9th President of U.S. Steel
- In office 1967–1969
- Preceded by: Leslie B. Worthington
- Succeeded by: Edgar B. Speer

Personal details
- Born: c. 1908 Pittsburgh, Pennsylvania, US
- Died: August 27, 1986 (aged 78) Pittsburgh, Pennsylvania, US
- Alma mater: Lehigh University

= Edwin H. Gott =

American business executive (c.1908–1986)

Edwin H. Gott (c. 1908 – August 27, 1986) was an American business executive who served as president of U.S. Steel from 1967 to 1969.

== Biography ==
Born c. 1908, in Pittsburgh, Gott graduated from Lehigh University with a Bachelor of Science in 1922. He married Mary Louise Carr, having three children together. He worked for Koppers by 1936, and in 1937, he was hired by U.S. Steel as an industrial engineer for a steel mill in Youngstown, Ohio, then was moved to Clairton Coke Works in 1939, then the Gary Works in 1941. He received multiple promotions at Gary, later receiving an administrative position at South Works. In 1956, he was elected vice president of the company's manufacturing, then vice president of its administration in 1959.

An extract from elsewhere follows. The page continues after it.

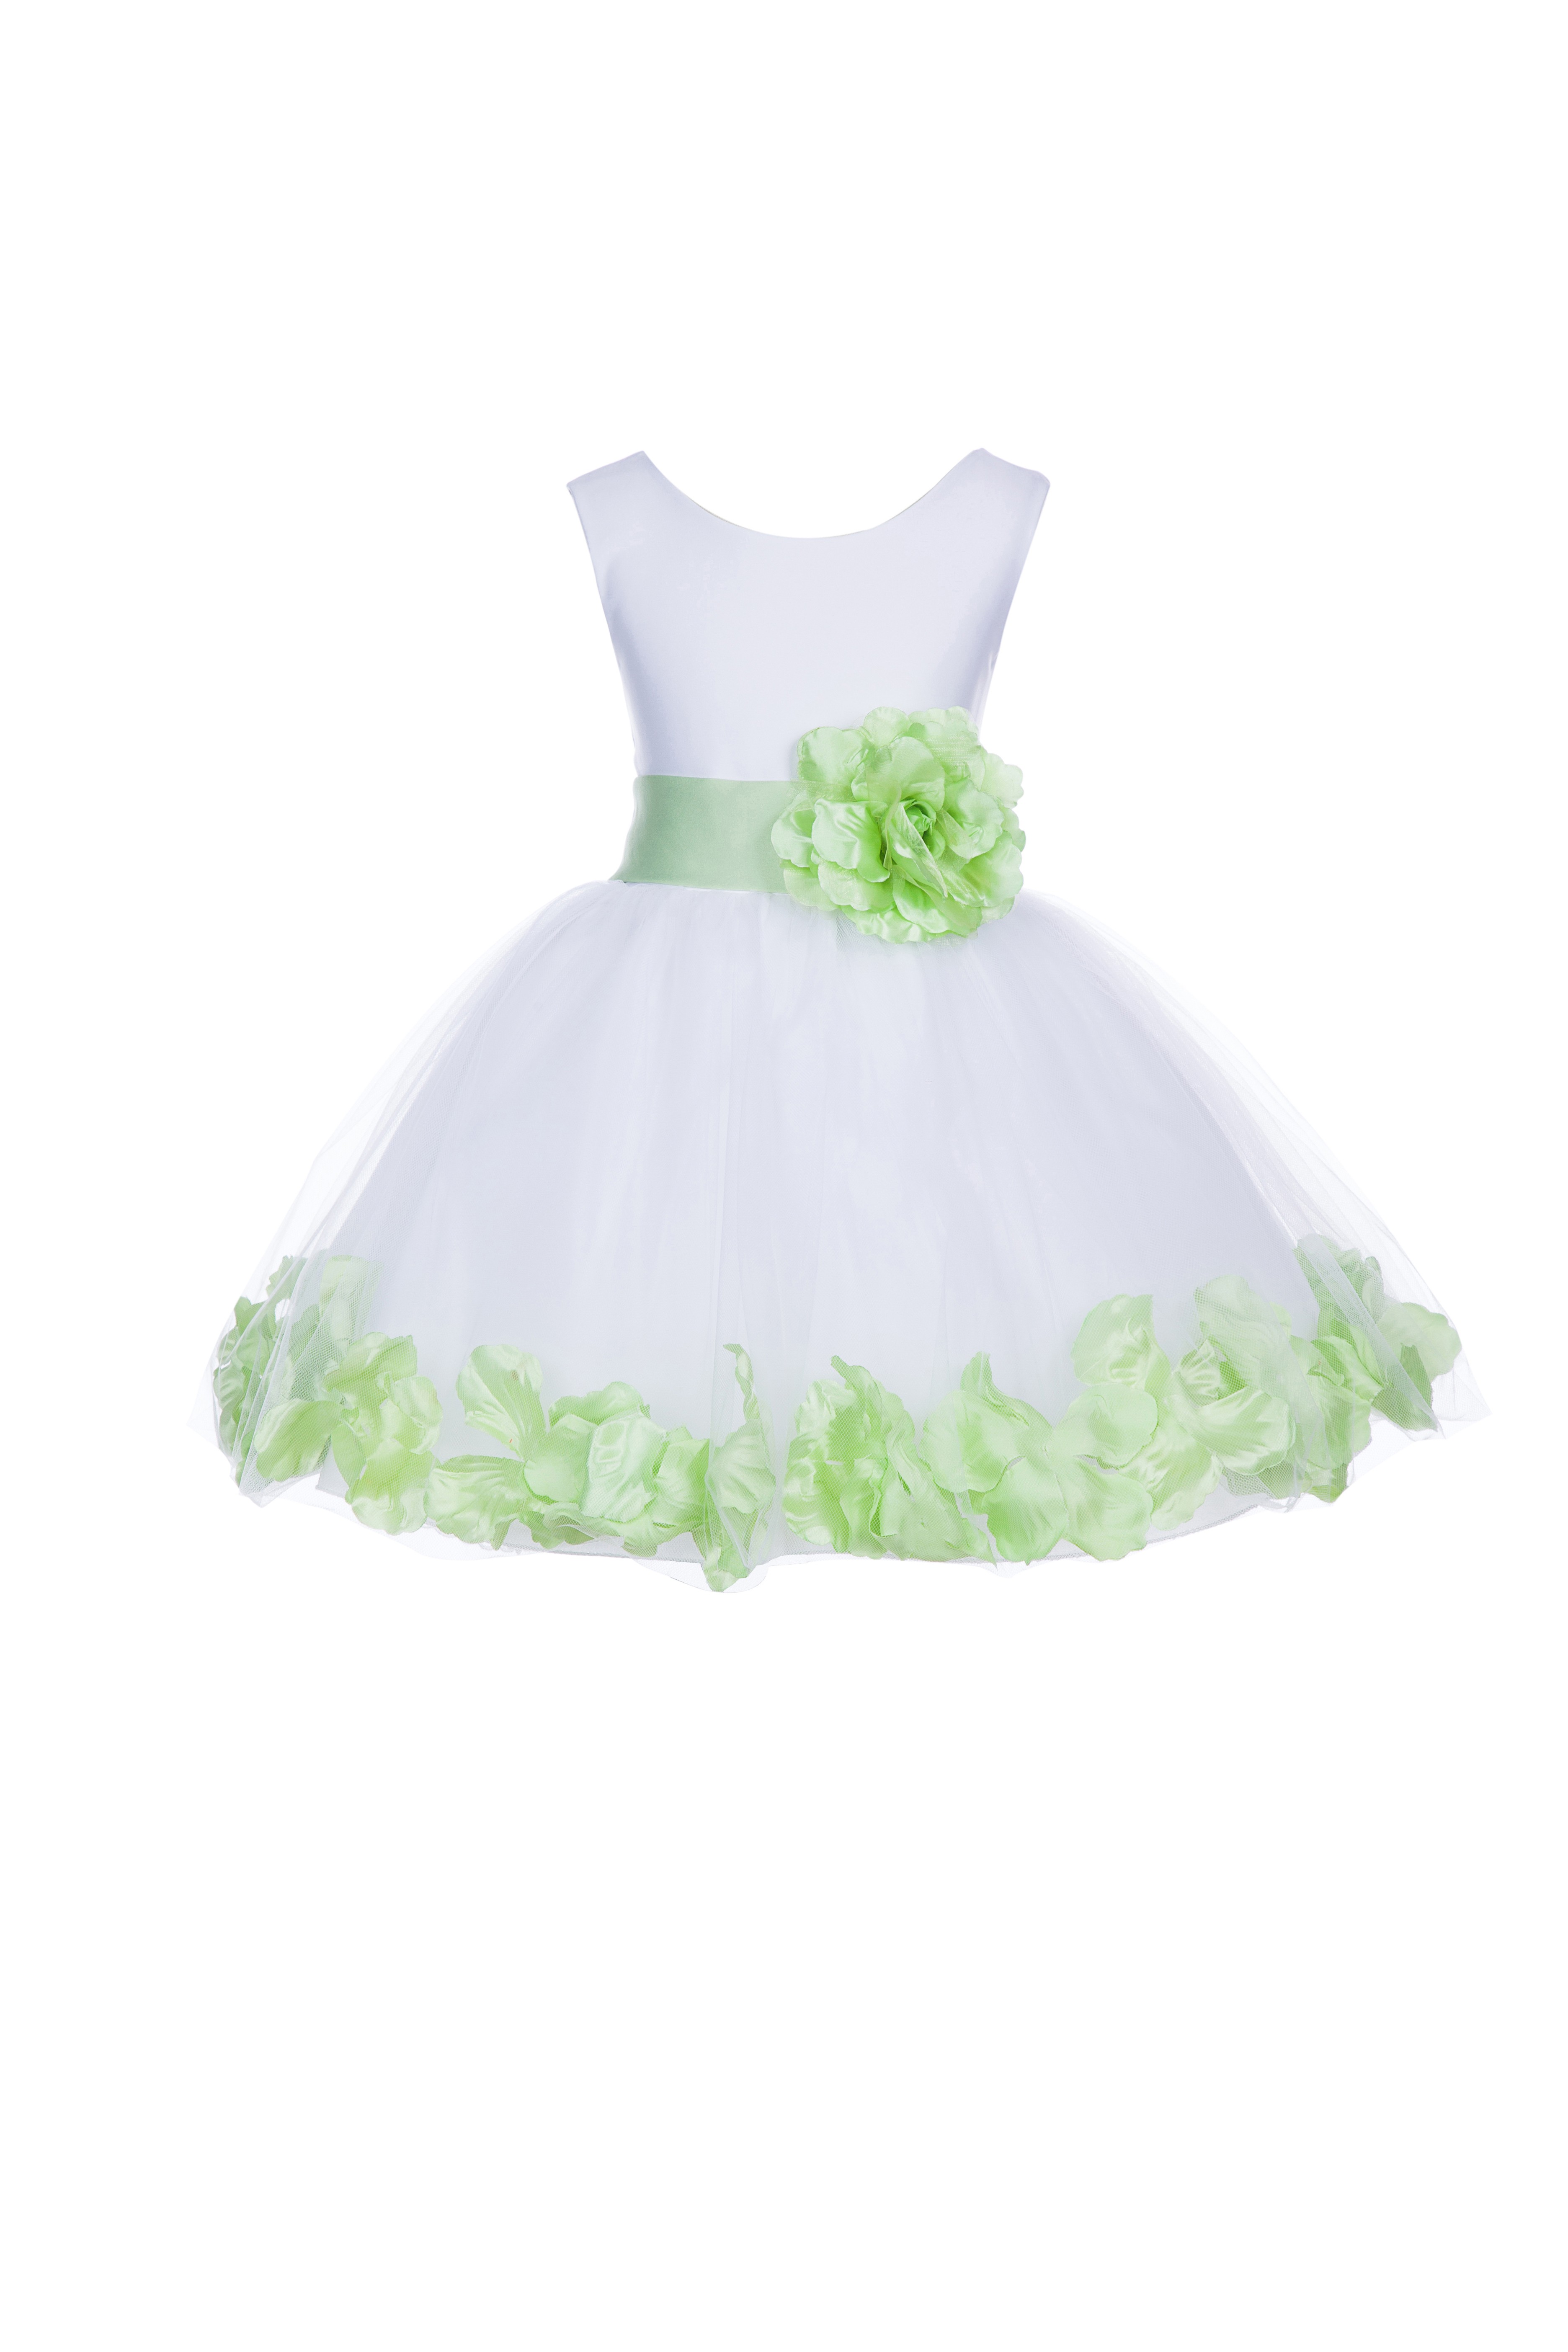 White/Apple Green Tulle Rose Petals Knee Length Flower Girl Dress 306S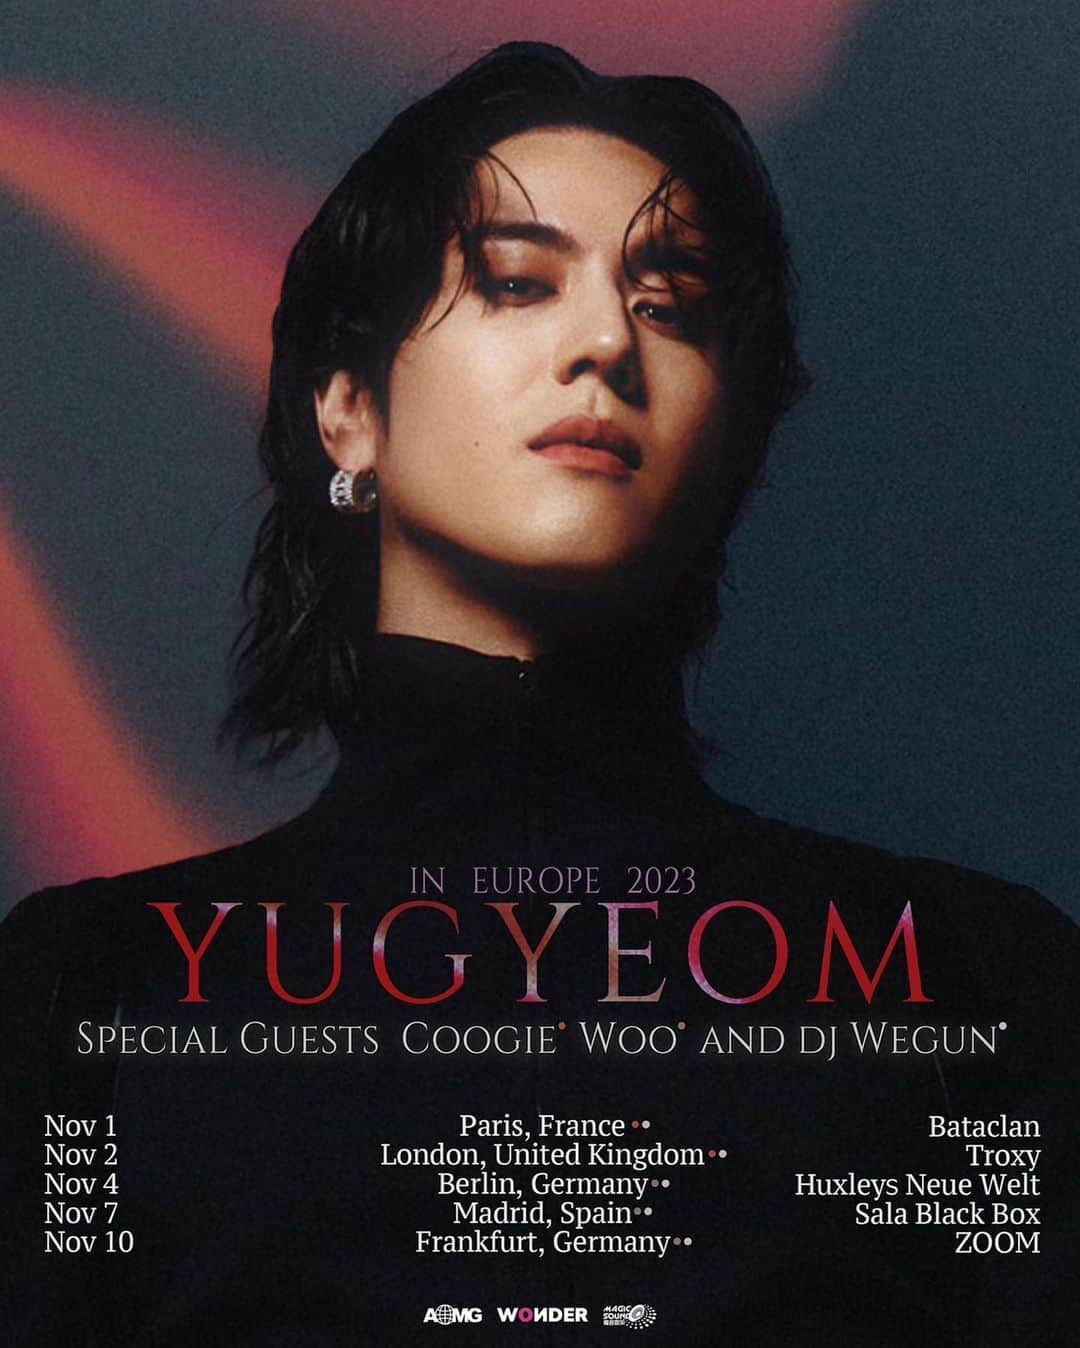 ユギョム のインスタグラム：「[유겸 (YUGYEOM), 쿠기(Coogie), 우원재(Woo), DJ Wegun (DJ 웨건)] YUGYEOM IN EUROPE 2023  We got Coogie, Woo and DJ Wegun as a special guest in Europe!  TIX.TO/YUGYEOMEUROPE2023  <Tour Dates> (Coogie, DJ Wegun) Nov 1st: Paris, Bataclan Nov 2nd: London, Troxy  (Woo, DJ Wegun) Nov 4th: Berlin, Huxleys Neue Welt Nov 7th: Madrid, Sala Black Box Nov 10th: Frankfurt, ZOOM  @yugyeom #유겸 #YUGYEOM @coogie #쿠기 #Coogie @munchinthepool #우원재 #Woo @djwegun #DJWegun #DJ웨건 #YUGYEOMinEurope2023 #AOMG」

Gott was elected president in 1967, and within two months, headed three other executive groups in the company. He became CEO & Chairman of U.S. Steel on February 1, 1969, following the retirement of Roger Blough, serving until his retirement in February 1973. Through his later life, he retained several other administrative positions, such as being a board member of BNY, the Pittsburgh Civic Light Opera and UPMC Children's Hospital of Pittsburgh, as well as being a trustee of Lehigh and Carnegie Mellon University. He died on August 27, 1986, aged 78, in Pittsburgh, following an illness. The MV Edwin H. Gott—built 1979—is named for him.